People Who Forget How to Share
These people don't necessarily hog equipment (although I'm sure all gym members have had their moments of frustration with fellow members who hog a lot of free weights or the step and the Swiss ball and the mat and the rubber tubing and half the stretching/abs floor area), but they do hog space. They aren't mindful of the people around them. I encounter this most often in the free weights area: I'll have my little setup and my little slice of the mirror in front of me, and then Captain Oblivion parks his or her body right in front of me and blocks my reflection.

Am I vain for wanting to see myself in the mirror? I'm sure that could be argued, but a lot of knowledgeable gym rats know that a mirror is one of the best ways for spotting poor alignment and poor form and to stop an injury from happening. With my abused, wonky body, I really do need to be able to see myself perform certain moves because I can't trust my misaligned body's sense of what's "right" and "wrong" when performing these moves. It's like being in yoga class and thinking you're doing adho mukha svanasana right and then having the teacher come over and adjust you and help you understand how adho mukha svanasana really is.

If you're at the gym and you're in an area with mirrors, be aware of where you put yourself in relationship to them and the people behind you.

People Who Forget That Their Moms Don't Work at the Gym
In other words, clean up after yourselves! I can understand that sometimes a weight plate or a band is just sort of left out because a member isn't really sure where it belongs or he or she left the equipment where it was when he or she arrived to use it. But please, if you remove a piece of equipment from a rack, a shelf, a stand, a corner, a stack or wherever, friggin' put it back in the appropriate place once you're finished. It's not that damn hard--my kid's been able to do it since he was about 2 or so and he knows the consequence of not putting away items he's played with.

Perhaps that's the solution: Perhaps we need monitors on the floor to note who leaves equipment strewn about and then making sure that person is appropriately penalized for not having common courtesy. Granted, a lot of the personal trainers at my nearest location would be up the proverbial creek if this system were in place. Half a dozen personal trainers at my nearby location think nothing of leaving equipment behind when it's time to move a client on to some other activity--like being an employee somehow removes you from cleaning up after yourself. Sorry, that name tag carries no such power. (Or perhaps the area franchise needs to put the head of group X over the personal trainers too so she can send them nasty-grams when they allegedly leave a mess like the nasty-grams she'd send to instructors for failing to do some little thing in a group X room.)

People Who Evidently Aren't Toilet Trained
Here's a deeply disturbing behavior I have encountered outside the gym but more so at one: leaving behind your excretory fluids and I'm not talking sweat. Please someone explain to me how you can piss on a toilet seat or on the floor and just walk away. How absolutely selfish and inconsiderate must you be to do this?
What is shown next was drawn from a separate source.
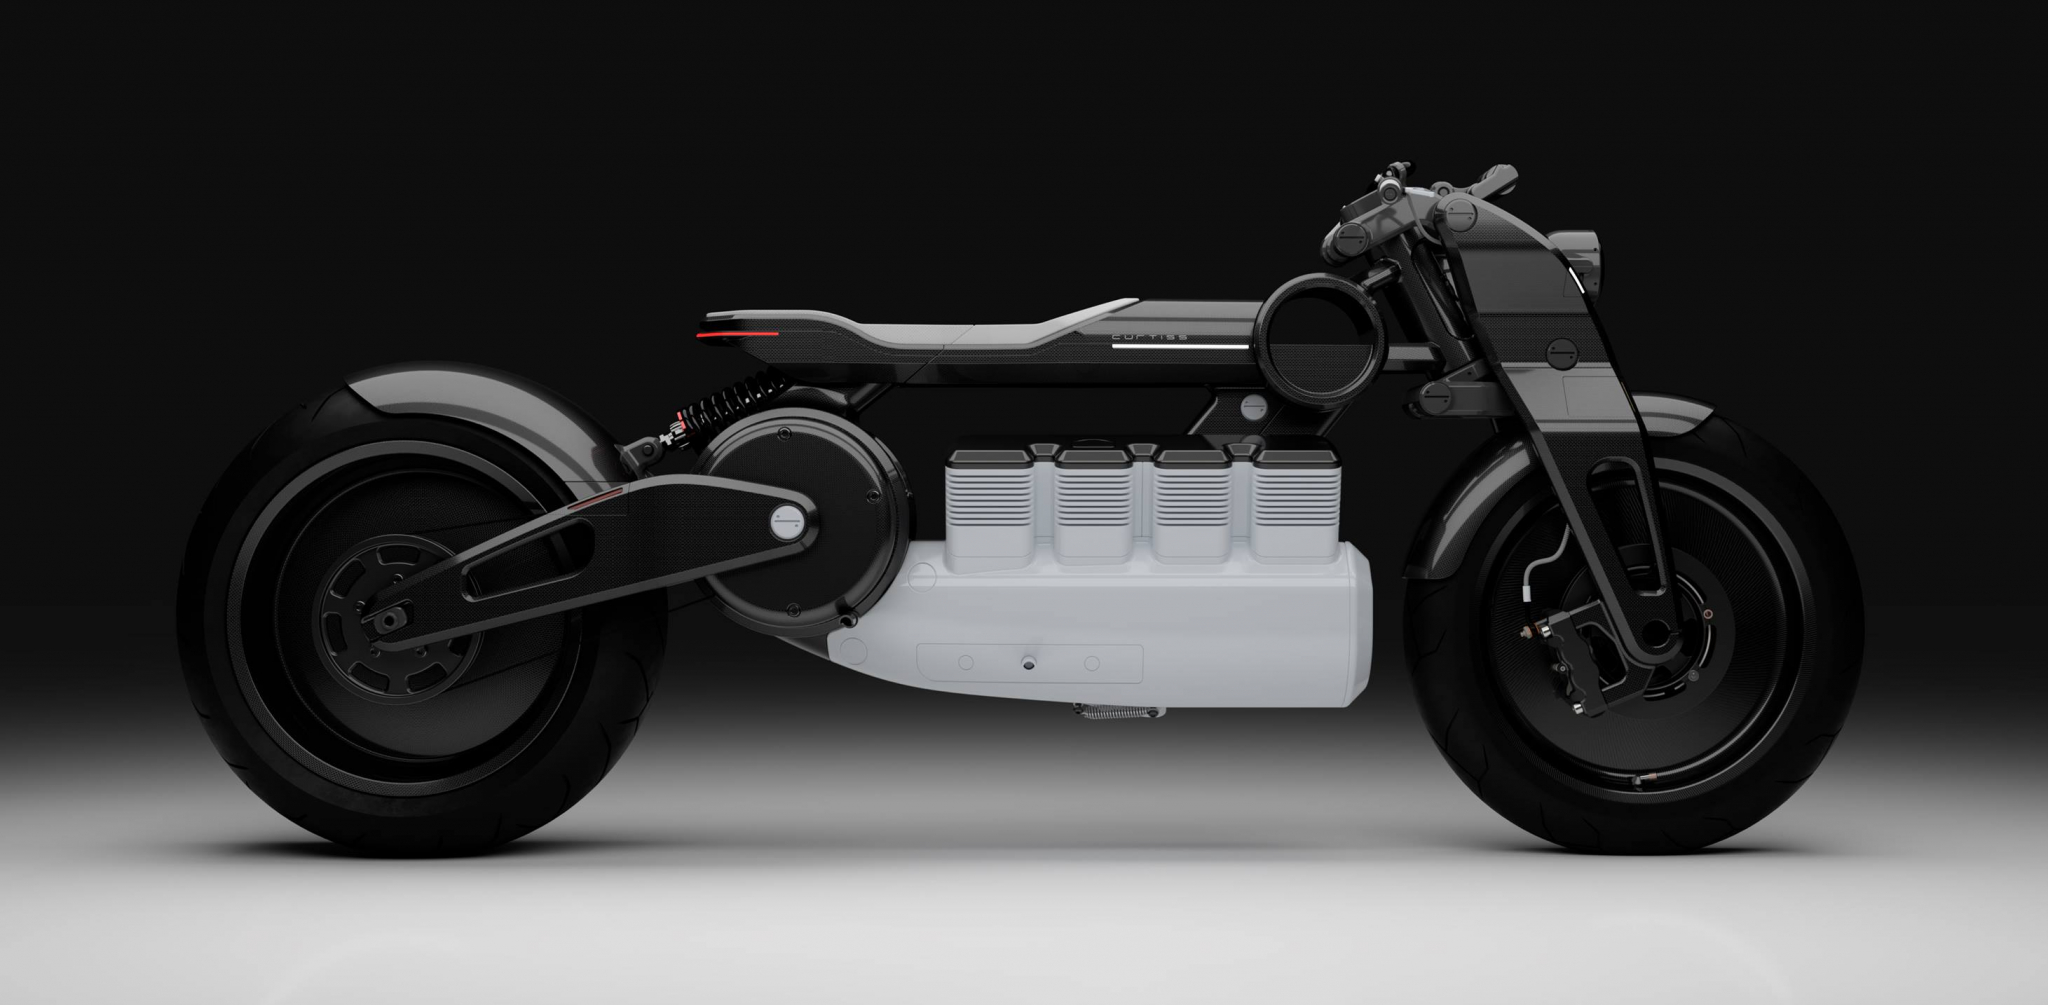 hera Curtiss Motorcycles has launched a crowdsourcing campaign for electric motorcycles

When I was at Dell, I knew to avoid the first stall in the women's restroom after 2 PM because a woman in the same section of the floor every day used that one and left urine all over the seat. I never knew who she was, but just as I could count on running into the same three Chinese women having lunch in the break area at the same time every day, I could count on this unknown woman pissing on the toilet seat in the same stall sometime around 2 PM. I still don't understand what type of behavior or physical problem could cause this routine.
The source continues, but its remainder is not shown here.